• _Exercise data_
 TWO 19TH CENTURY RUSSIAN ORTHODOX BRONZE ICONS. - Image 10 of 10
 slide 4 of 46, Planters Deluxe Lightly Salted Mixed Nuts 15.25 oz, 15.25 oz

---

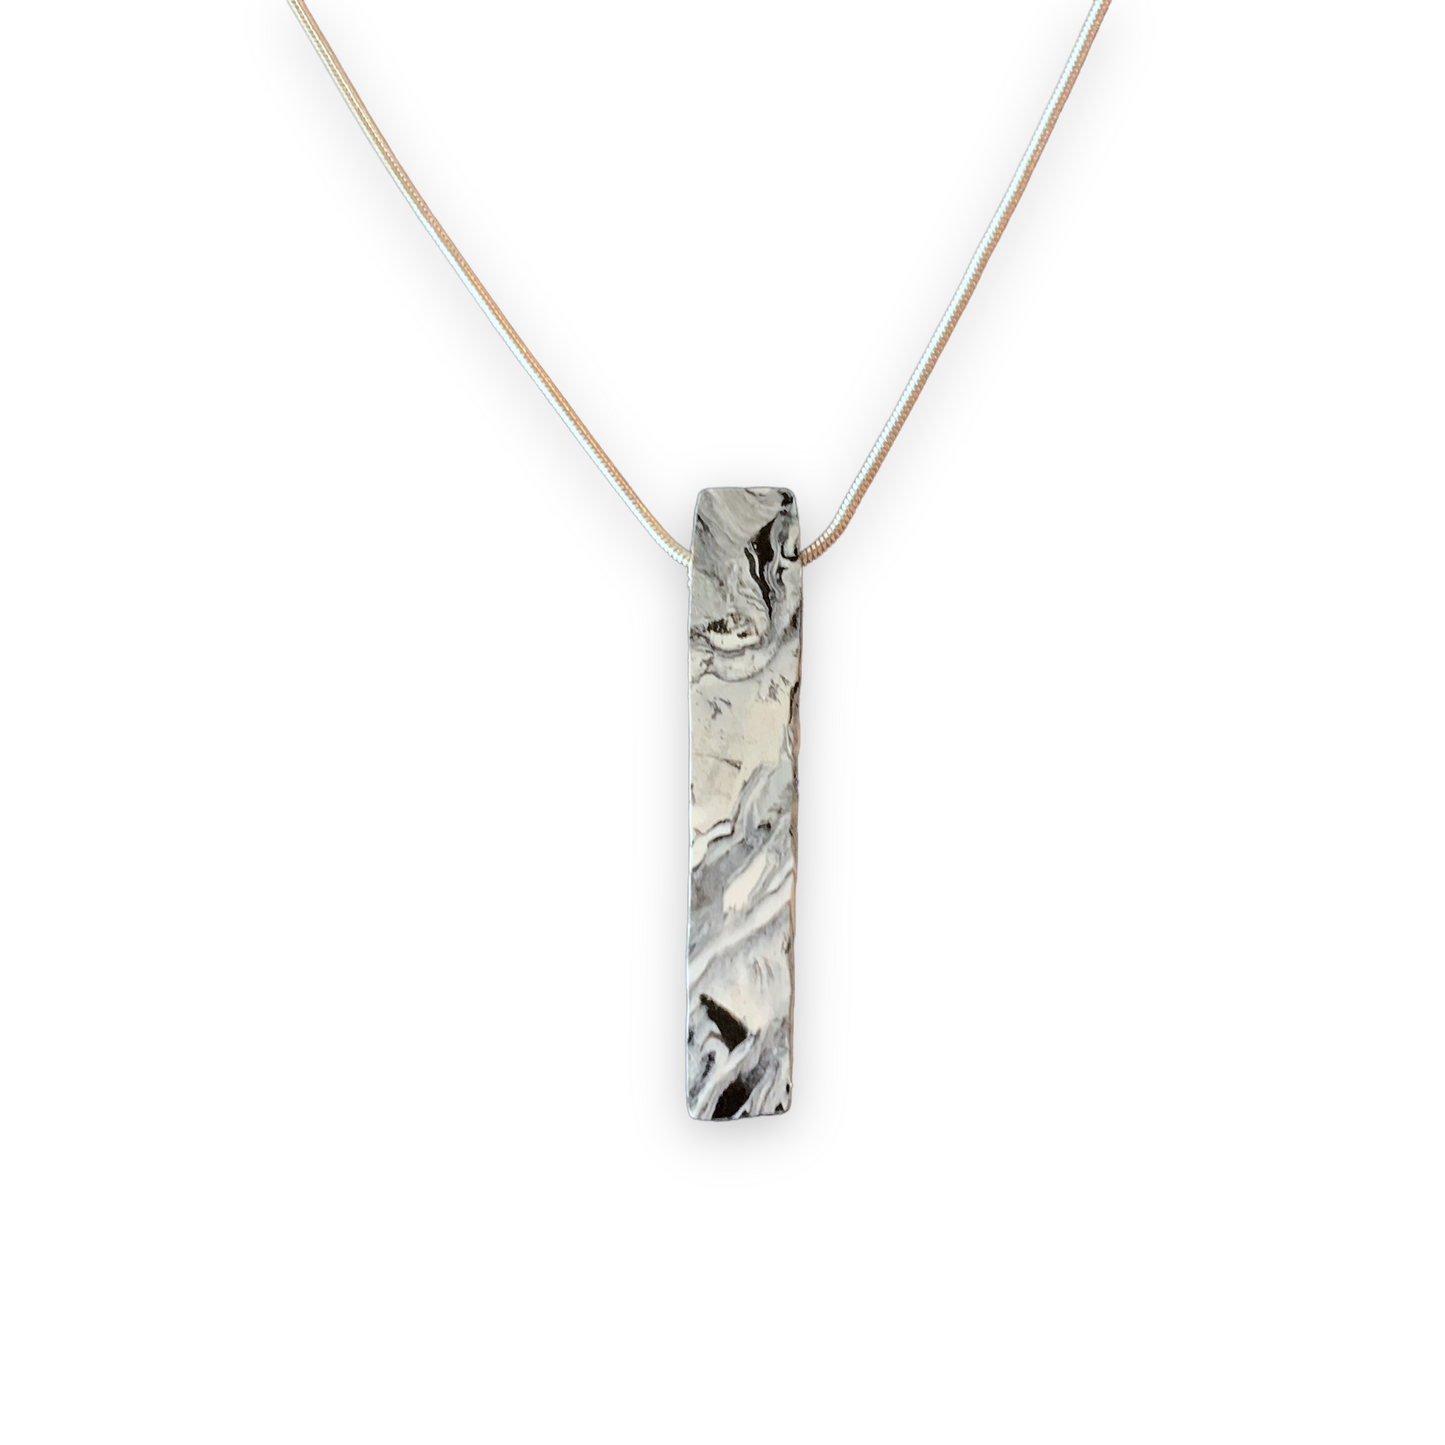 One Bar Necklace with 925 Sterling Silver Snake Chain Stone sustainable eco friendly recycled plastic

• _The problem_
The stretch of entries above that starts with the line containing "TWO 19TH CENTURY" and goes on through the line containing "slide 4 of 46, Planters" is to be transcribed exactly, and no other line is to be transcribed.

• _Expected output_
 TWO 19TH CENTURY RUSSIAN ORTHODOX BRONZE ICONS. - Image 10 of 10
 slide 4 of 46, Planters Deluxe Lightly Salted Mixed Nuts 15.25 oz, 15.25 oz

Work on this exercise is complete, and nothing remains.